In [48]:

# Step 2: Import the necessary libraries and define the API key
import cohere
import numpy as np
import altair as alt
from annoy import AnnoyIndex
import pandas as pd
import umap.umap_ as umap
import re

API_KEY = "J0okVO9eZywR0IJc95qT5bpYTyV3ZPHgtbxXhxKR"
co = cohere.Client(API_KEY)


In [49]:
# Step 3: Load the Hausa and Igbo datasets
hau_df = pd.read_csv("data/ha.csv")
ibo_df = pd.read_csv("data/ibo.csv")


In [50]:
# Step 4: Preprocess the datasets
def preprocess(text):
    # Remove any non-alphanumeric characters
    text = re.sub(r"@[^\s]+", "", text)
    text = re.sub(r"http[^\s]+", "", text)
    # Remove any extra whitespace
    text = re.sub(r"\s+", " ", text)
    # Convert to lowercase
    text = text.lower()
    return text

hau_df[" tweet"] = hau_df[" tweet"].apply(preprocess)
ibo_df[" tweet"] = ibo_df[" tweet"].apply(preprocess)


In [51]:
# Step 5: Use the Cohere API to create embeddings for each sentence in the Hausa dataset
hau_embeddings = co.embed(hau_df[" tweet"][:1000].tolist(), model="embed-english-v2.0")
hau_embeddings = np.array(list(hau_embeddings))

CohereConnectionError: HTTPSConnectionPool(host='api.cohere.ai', port=443): Read timed out.

In [37]:
# Step 6: Use the embeddings to perform semantic search and find the most similar sentences in the Igbo dataset
results = []
search_results = AnnoyIndex(hau_embeddings.shape[1], 'angular')
for i in range(len(hau_embeddings)):
    # Save the result as a tuple
    search_results.add_item(i, hau_embeddings[i])
search_results.build(40)
search_results.save('text.ann')

True

In [38]:
query = "Allah yayiwa mahaifiya day yar uwata rasuwa"

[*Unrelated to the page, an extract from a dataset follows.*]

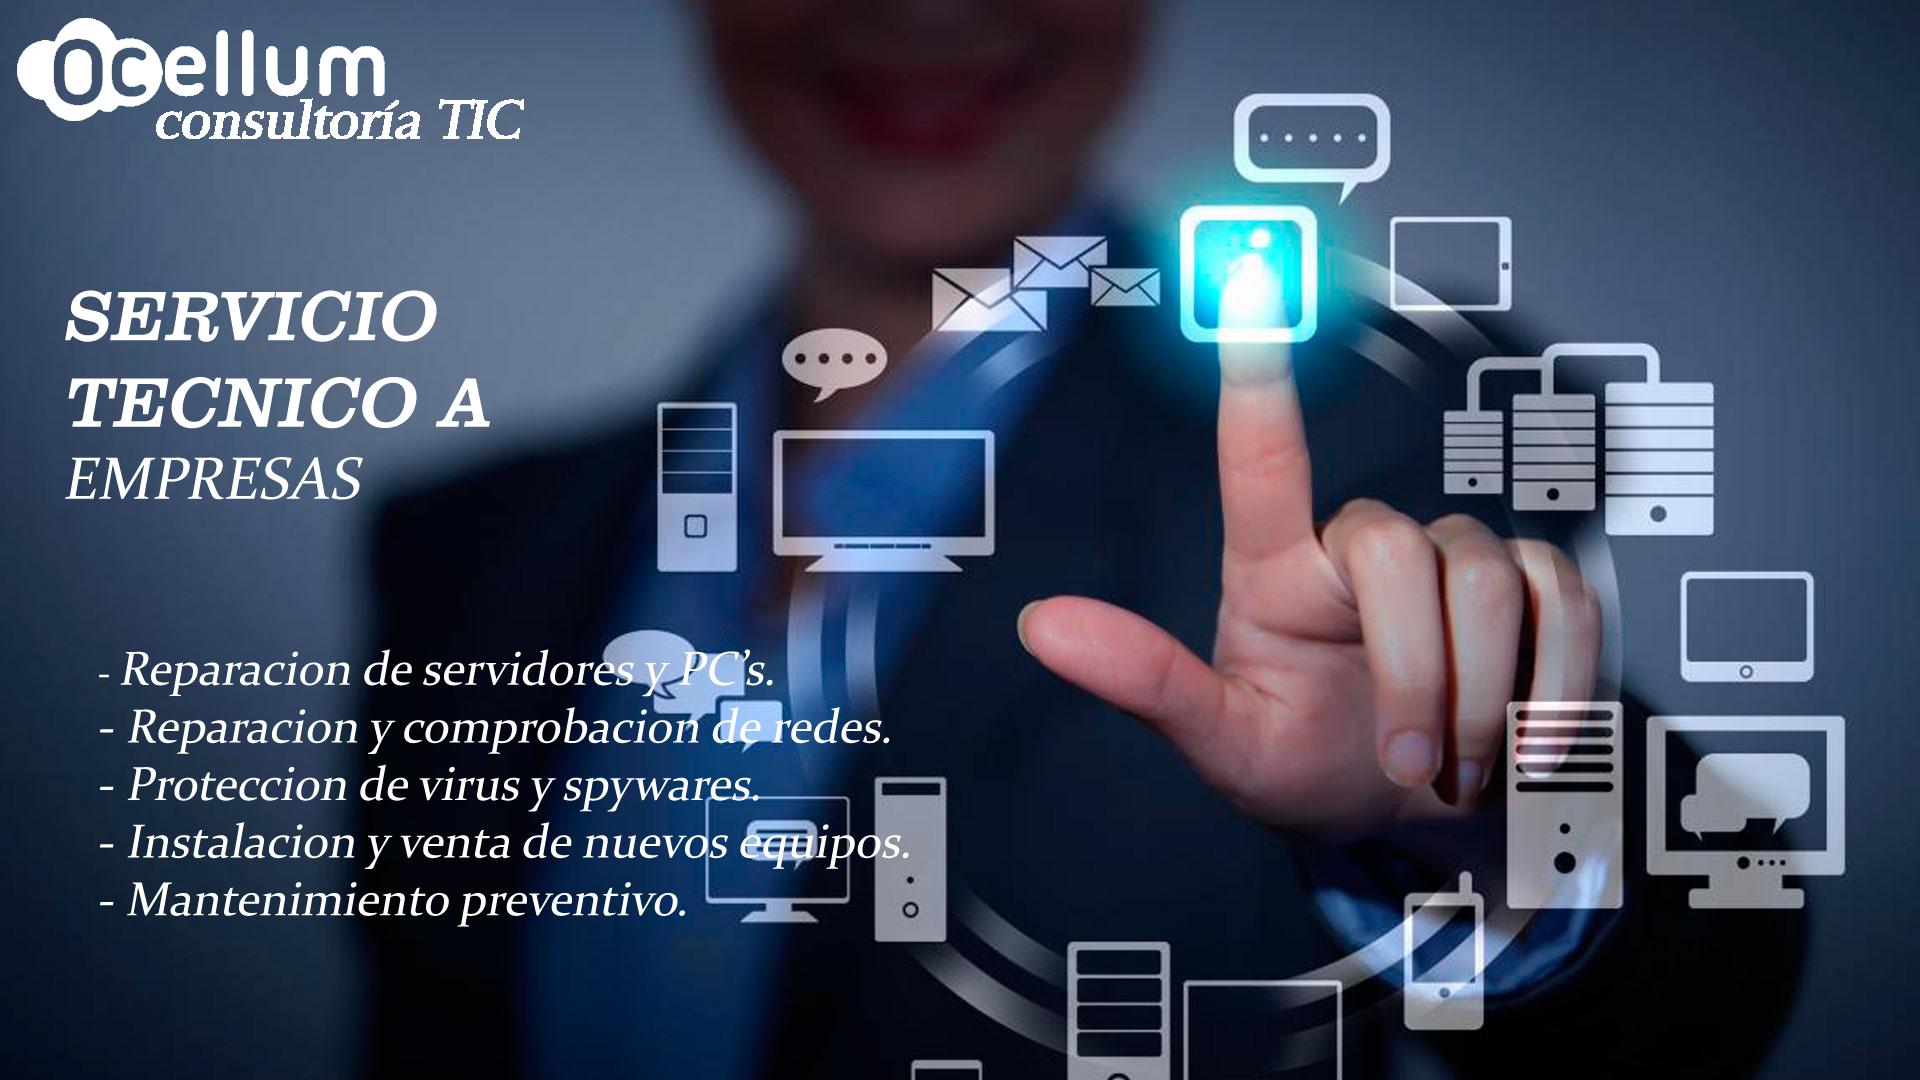 servicio de atencion tecnica a empresas

# Get the query's embedding
query_embed = co.embed(texts=[query],
                  model="embed-english-v2.0").embeddings

# Retrieve the nearest neighbors
similar_item_ids = search_results.get_nns_by_vector(query_embed[0],10,
                                                include_distances=True)
# Format the results
results = pd.DataFrame(data={'texts': hau_df.iloc[similar_item_ids[0]][' tweet'],
                             'distance': similar_item_ids[1]})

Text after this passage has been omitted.